What is being asked:
The required output is the exact text of the lines from the line containing "Xmasに最適トナカイベルのループ音10の再生済みの波形" through the final line below, inclusive, without pictures.

Provided data:
'''

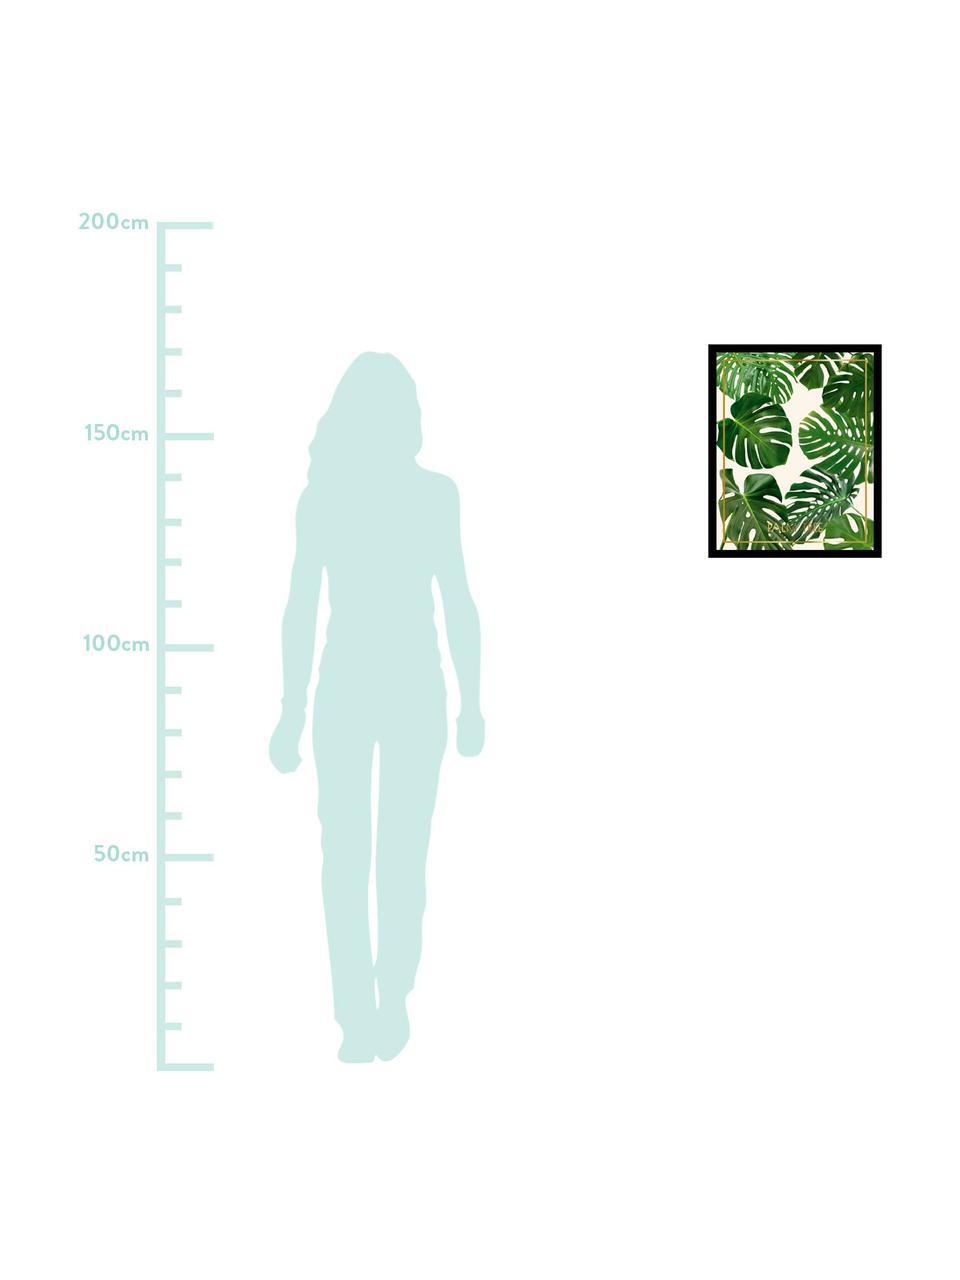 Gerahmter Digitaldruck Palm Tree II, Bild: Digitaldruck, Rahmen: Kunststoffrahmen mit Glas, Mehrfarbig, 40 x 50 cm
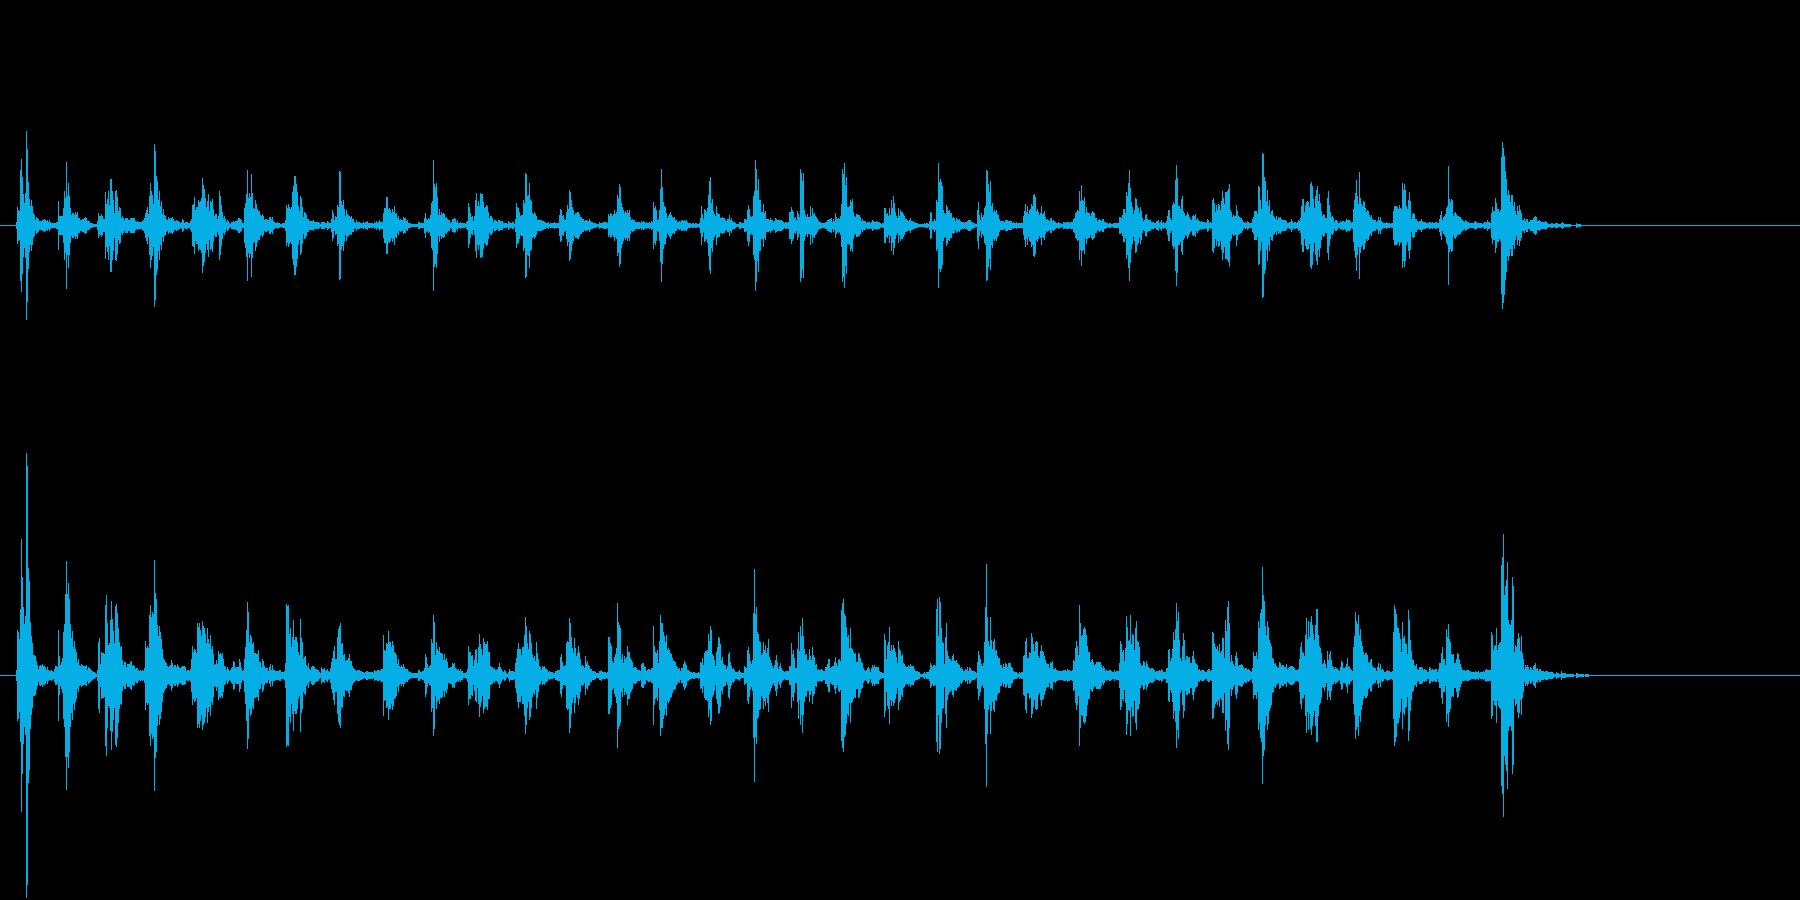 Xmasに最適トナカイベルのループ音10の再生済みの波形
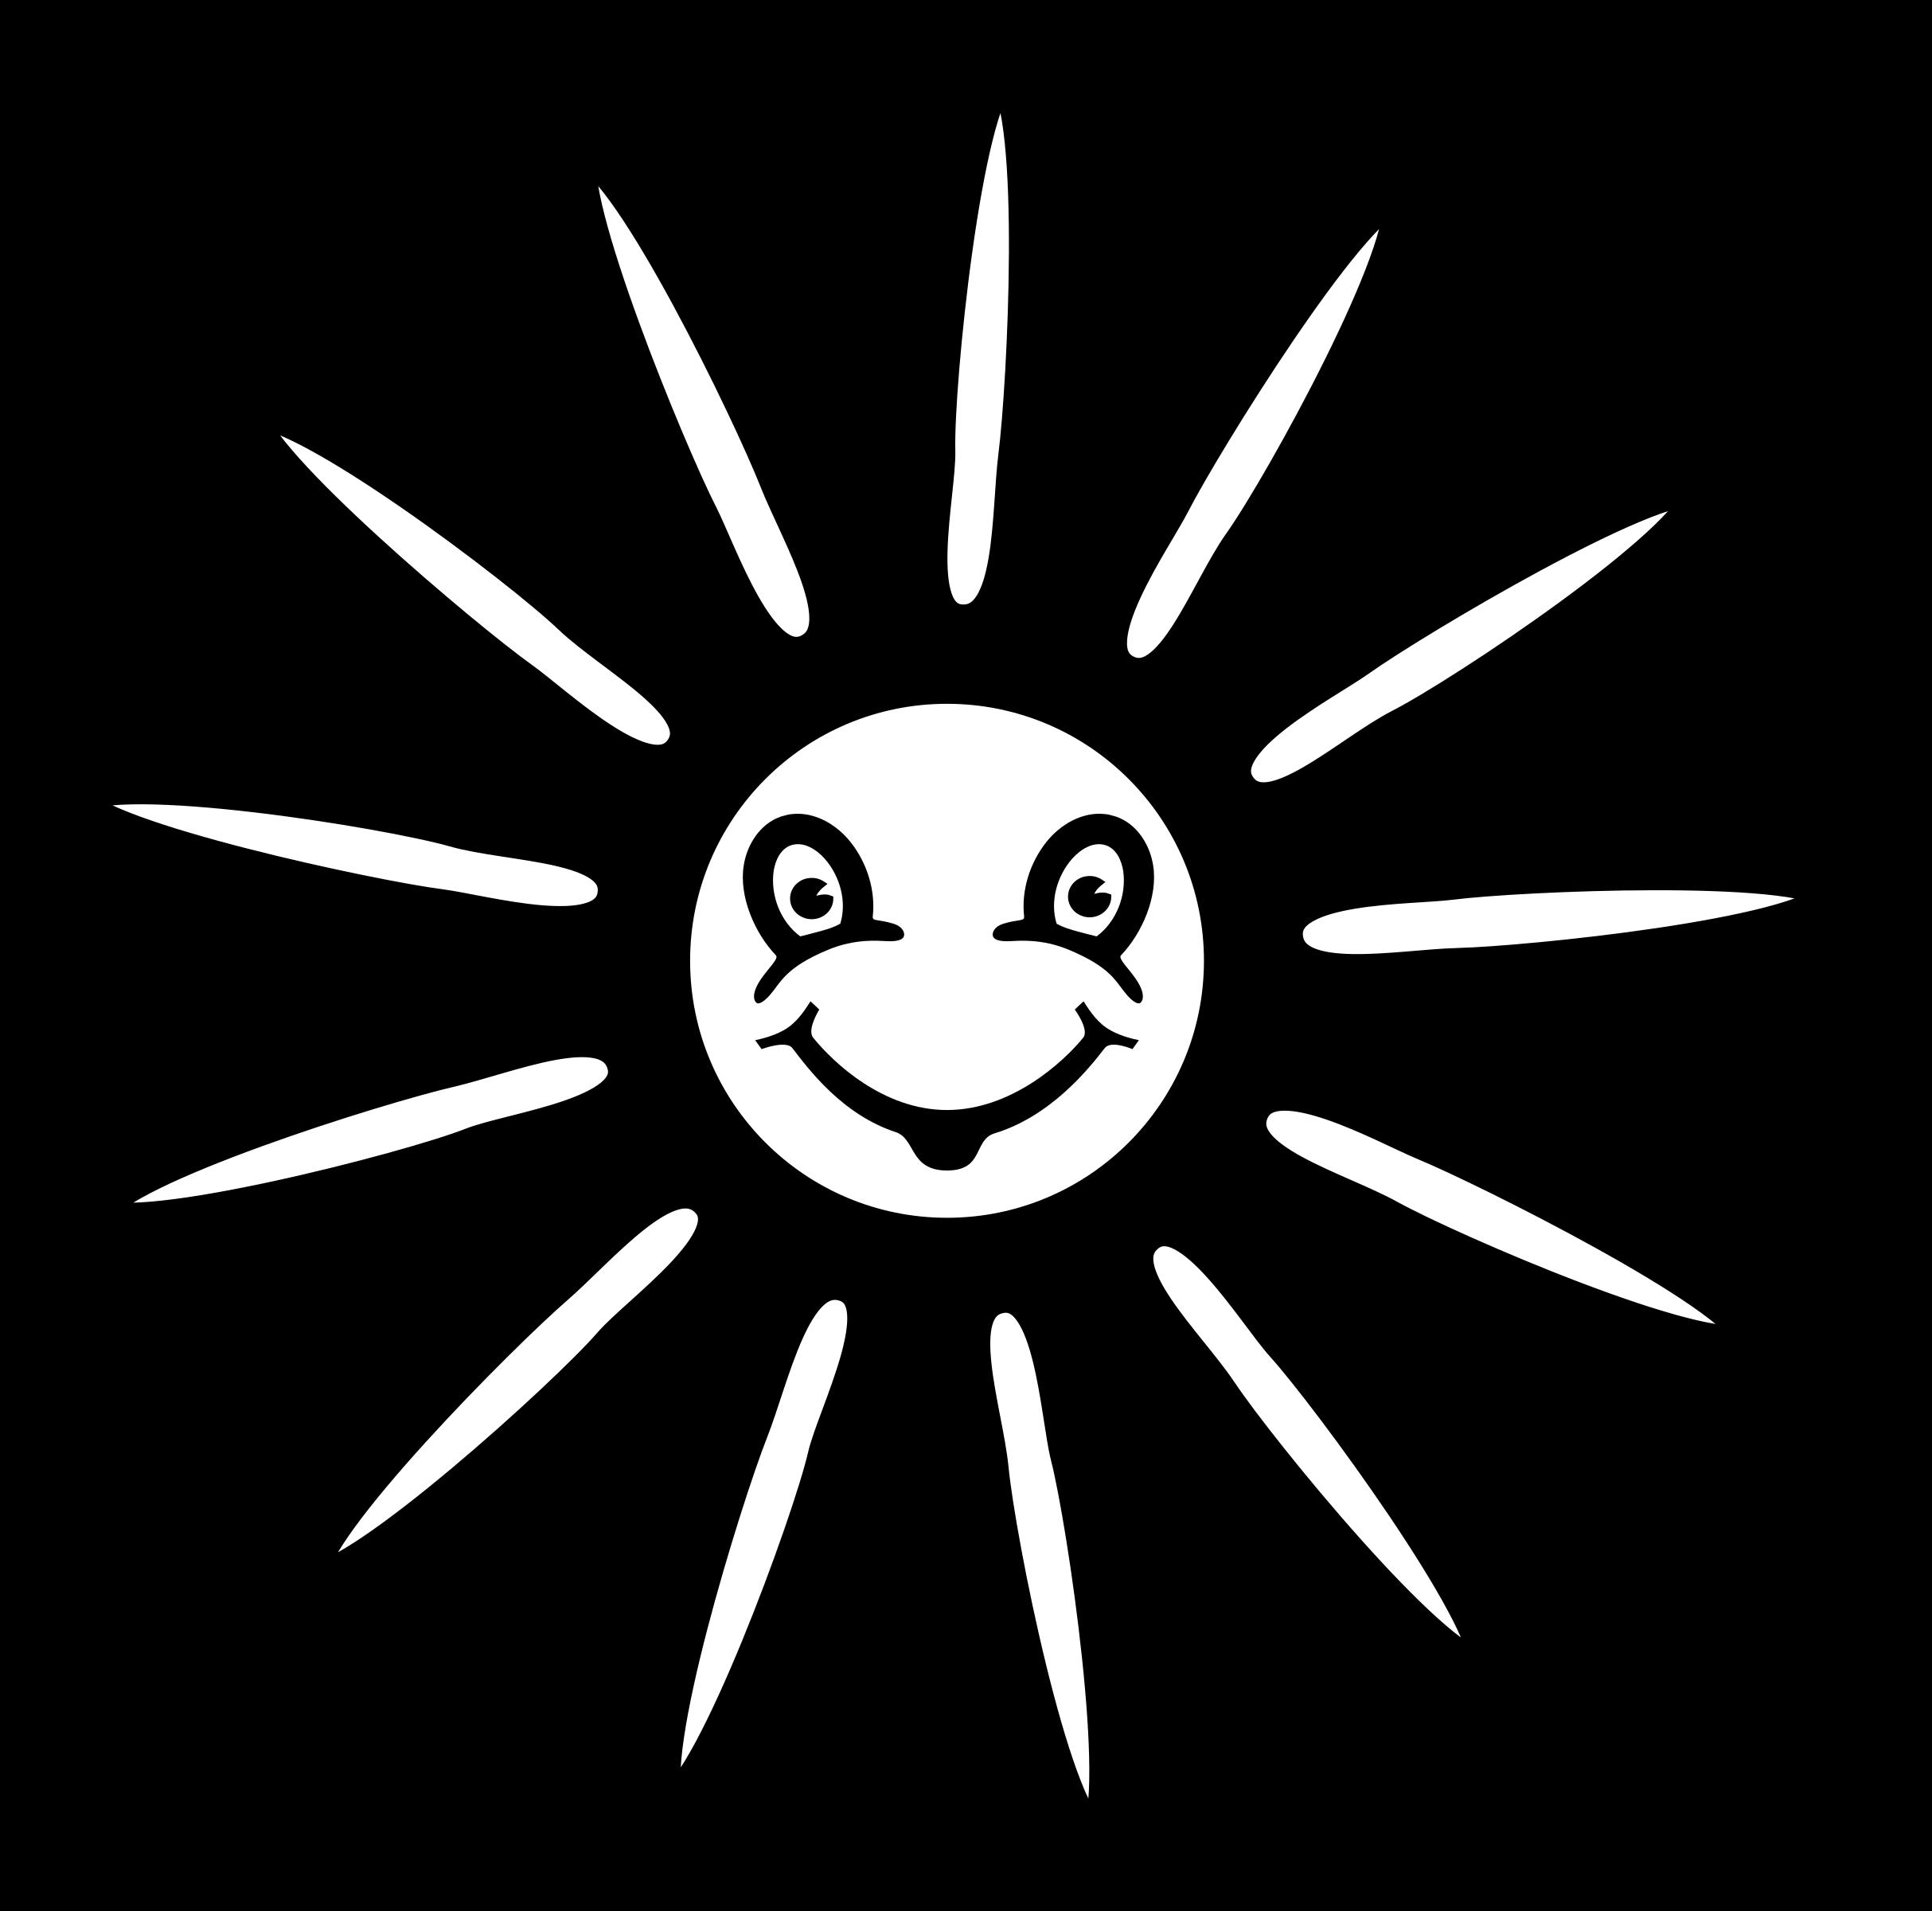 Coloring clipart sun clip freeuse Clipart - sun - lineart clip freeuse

'''

Your response:
 Xmasに最適トナカイベルのループ音10の再生済みの波形
 Coloring clipart sun clip freeuse Clipart - sun - lineart clip freeuse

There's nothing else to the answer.